By Trish Morrison
It’s Thursday evening, I’m in the car and I have finally finished reading Instant Mom by Nia Vardalos. I’m crying. My daughter Delilah is in the back seat playing with her stuffed animals and her Polly Pockets and I realize that I have not resorted to giving her one bit of electronic entertainment, other than the TV in the hotel room, during our entire trip from Austin to Baton Rouge and back. I cry some more.
It’s fitting that I waited for our “workation” to still myself enough to sit down and read Instant Mom because Nia’s book spoke to me in so many ways during this trip. (I’ll call her Nia because after reading her book, I feel as though I’ve known her forever, that she’s an old friend who gets me like, in her words, CORE friends do.)
I’ve never had major fertility issues and I’ve never had the need or desire to have a child that Nia had. I never would have put myself through all that she went through to finally find her child, the one who was meant for her and Ian and their extended family. (Again, no formalities, Ian is the husband of a woman who knows me, who gets me.) Instead, after my husband (boyfriend at the time) and I went through a couple of unplanned pregnancies which ended in miscarriages, we were in denial that Delilah actually “took.” Rather than grateful and elated, we were confused and skeptical of how our futures would look.
So if Nia and I came at motherhood from completely different points of view, with different backgrounds with different motherhood issues, why am I crying as I close this book? Why have I cried (and laughed) throughout it? Why do Nia’s words hit me in the gut so significantly?
Instant Mom is not just a book about adoption. It’s a story about family, a story about women’s issues and it’s a story about motherhood. It’s not a book about a movie star who decided to adopt a child. Instant Mom is about love and struggle and honesty and finding the person you are meant to be. It’s about letting go so you let things come to you, the way they are meant to be yours.

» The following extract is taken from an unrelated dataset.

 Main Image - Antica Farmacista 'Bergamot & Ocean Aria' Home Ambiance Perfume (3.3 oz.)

That’s why I’m crying. I am a mother to a real, living, beautiful, perfect, intelligent, funny, amazing human being, one who doesn’t need an iPhone to entertain herself on long trips. A mother to a girl who runs down the hallway of a hotel hallway yelling, “Mommy, I’m a Cheetah!” and really believes for that moment she is. A child who is as amazed as much by the caterpillar on the sidewalk at the zoo as she is by the giraffes.
On this trip I’m not the CEO of a startup that I’m constantly obsessing about getting off the ground. I am a woman who needs to let go and let what’s meant to be happen, who needs to put less stress on myself for the things that don’t go right and more attention toward what’s really important. I am reminded throughout the trip and while reading Instant Mom, how truly lucky I am. No matter what else is happening in my life, I am a mother.

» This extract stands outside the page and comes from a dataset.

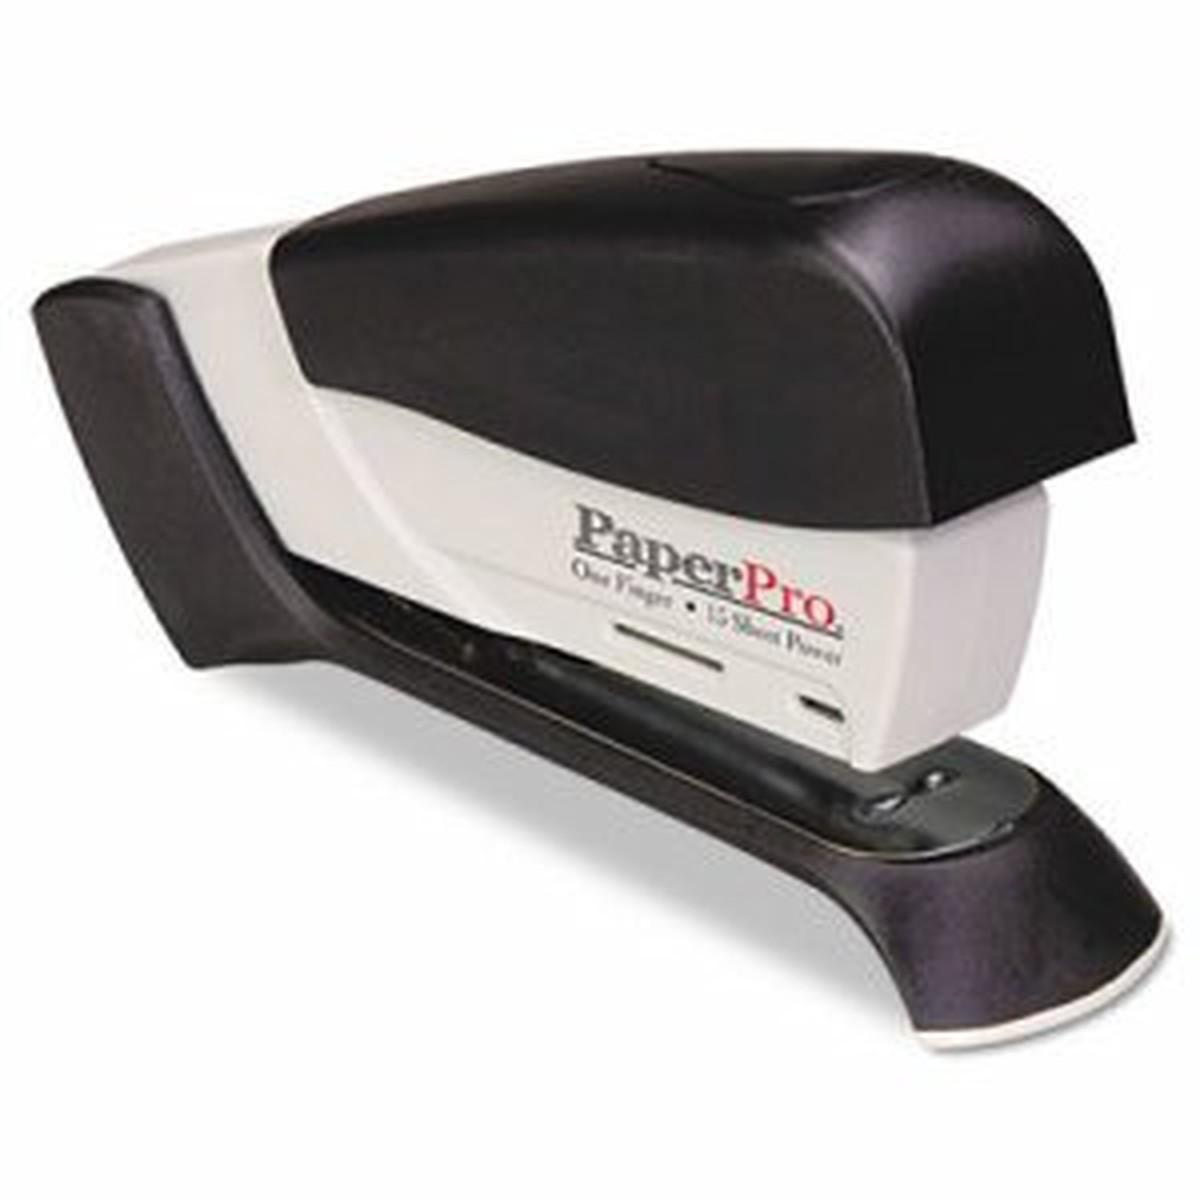 inJoy 20 Compact Stapler, 20-Sheet Capacity, Black

Thank you Nia for this beautiful, honest story.
[infopane color=”3″ icon=”0032.png”]Trish Morrison, MBA is the founder and CEO of MomCom® Life, an organization dedicated to creating community and fostering entrepreneurship for moms. Trish is addicted to women’s stories and believes we can change the world through telling ours. She lives in Austin, Texas with her hot firefighter husband Homero and her brilliant daughter Delilah. Trish is a proud feminist who can be found online at momcomlife.com or on Twitter @atxtrish and @momcomaustin. MomUP!®[/infopane]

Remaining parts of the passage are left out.